Career Exploration Course Initiative

In 2006, my research team and I wanted to explore the need for, and awareness of, the career services at UWM.  We showed that a over 500 UWM students indicated difficulties with career decisions, had high levels of psychological distress, and low levels of psychological well-being and that about half of students were aware of career services but much fewer had used those services (Fouad, et al, 2006, Journal of Career Assessment).  Based on these results, the Director of the Career Development Center and I advocated to greatly expand the undergraduate coursework to include career decision-making.  Over 10 years later, we have been able to work with 400 students a year, to help them learn more about their career decision-making, and have been able to research how well this class works.  Currently, in partnership from the Career Planning & Resource Center, The Career Exploration Course Initiative engages doctoral students in counseling psychology at UWM by recruiting them to teach EDPSY 110 (Planning your Career and Major) and EDPSY 212 (Career Development in a Multicultural Workplace). Counseling psychology doctoral students work with undergraduates to help them understand that career development happens in the greater context of gender, race, class, sexual orientation, and other salient contexts. These courses are designed to assist students, many of whom have not attended college before, in gaining the skills necessary for major exploration and career planning. EDPSY 110 focuses on major exploration through a self-reflective process where students identify their interests, skills, values, and salient facets of their own identity necessary to make a major decision. EDPSY 212 expands on this foundation by teaching students to examine workplaces they are interested in through a critical diversity lens. Students gain exposure to their interested workplace and engage in the career planning process while also reflecting on the current state of justice in their intended workplace.

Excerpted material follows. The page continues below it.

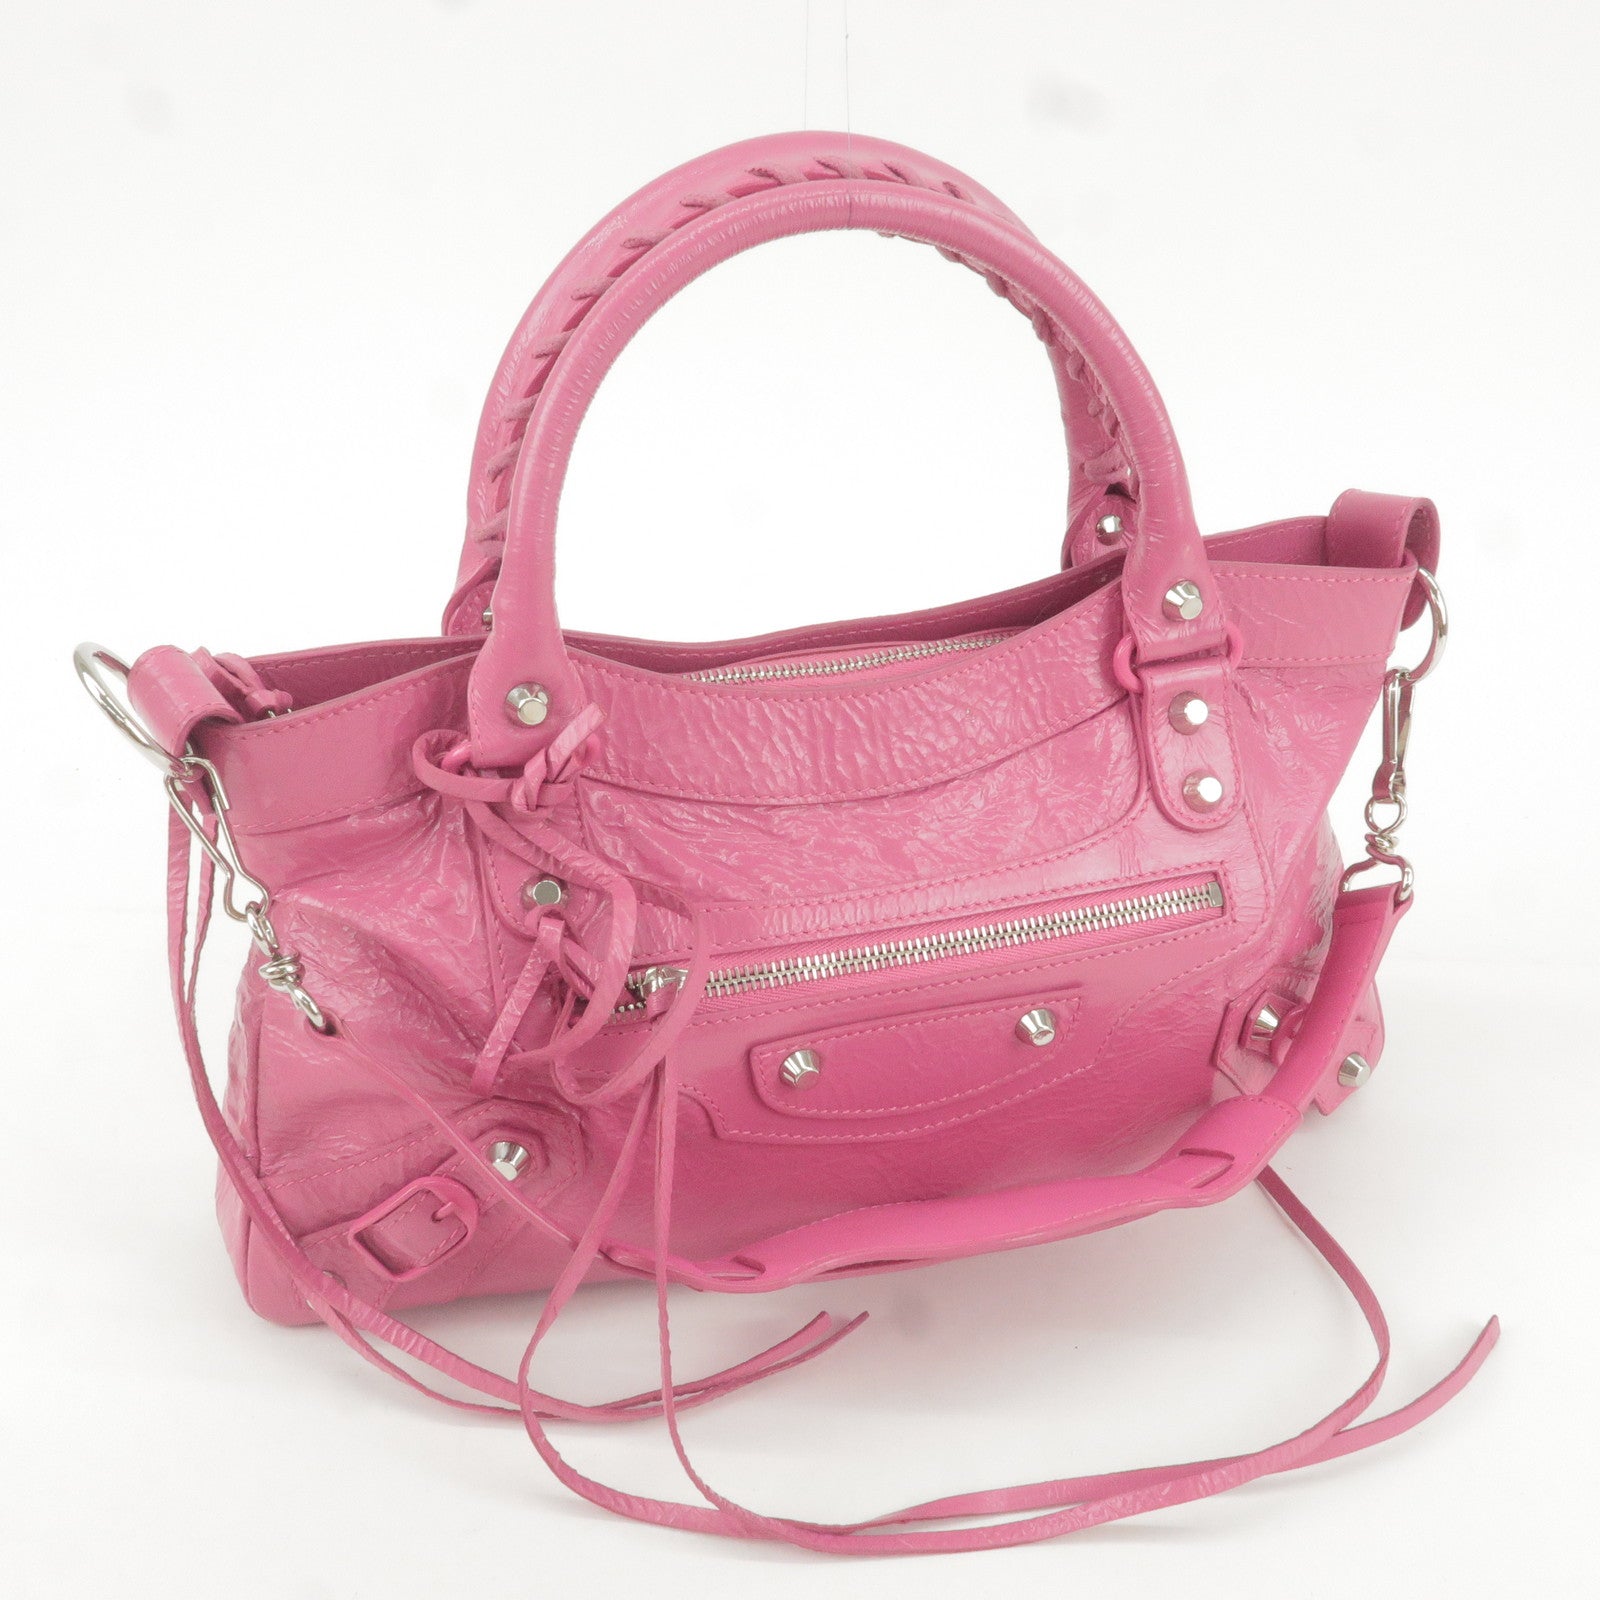 BALENCIAGA The First 103208 2 Way Shoulder Bag Hand Bag Leather Dusty Pink  Used

As a counseling psychologist and counseling psychologists in training who are committed to social justice, we are committed to a research program that evaluates the efficacy of these courses for the purpose of improving them. My research team selects variables for measurements of efficacy and career decision-making that are consistent with the latest developments in vocational psychology research. As such, these courses have been studied a number of times and will continually be studied. A summary of our findings is below:

  • My students and I examined the efficacy of EDPSY 110 through the context of social cognitive career theory (Fouad, Cotter, & Kantemneni, 2009). The results from that study suggested students’ career decision-making difficulties decreased overall, self-efficacy increased overall, but  perceptions of barriers did not change.
  • This course has been the subject of two student poster presentations at the American Psychological Association Convention.  Interestingly, in both cases we did not see significant rises in career decision-making outcome expectations though we did see significant rises in career decision-making self-efficacy.
  • Recently, The Office of Assessment and Institutional Research at UWM examined overall retention rates, graduate rates, and major declaration across freshman cohorts in years 2005-2013 for EDPSY 110. When all cohorts were considered together, students who successfully completed the course in their first semester took significantly less time to declare a major and graduate than students who were not enrolled in the course. Care should be taken when generalizing these findings, as there may be a self-selection effect in the data. In other words, students who take the course may already be more likely to declare a major and persist to graduation.

We are looking to continually examine the efficacy of these courses on student retention and major declaration. Our current plan going forward is to continually develop an understanding of psychological factors and social barriers that play a role in major choice, active engagement in the process of career development, and retention.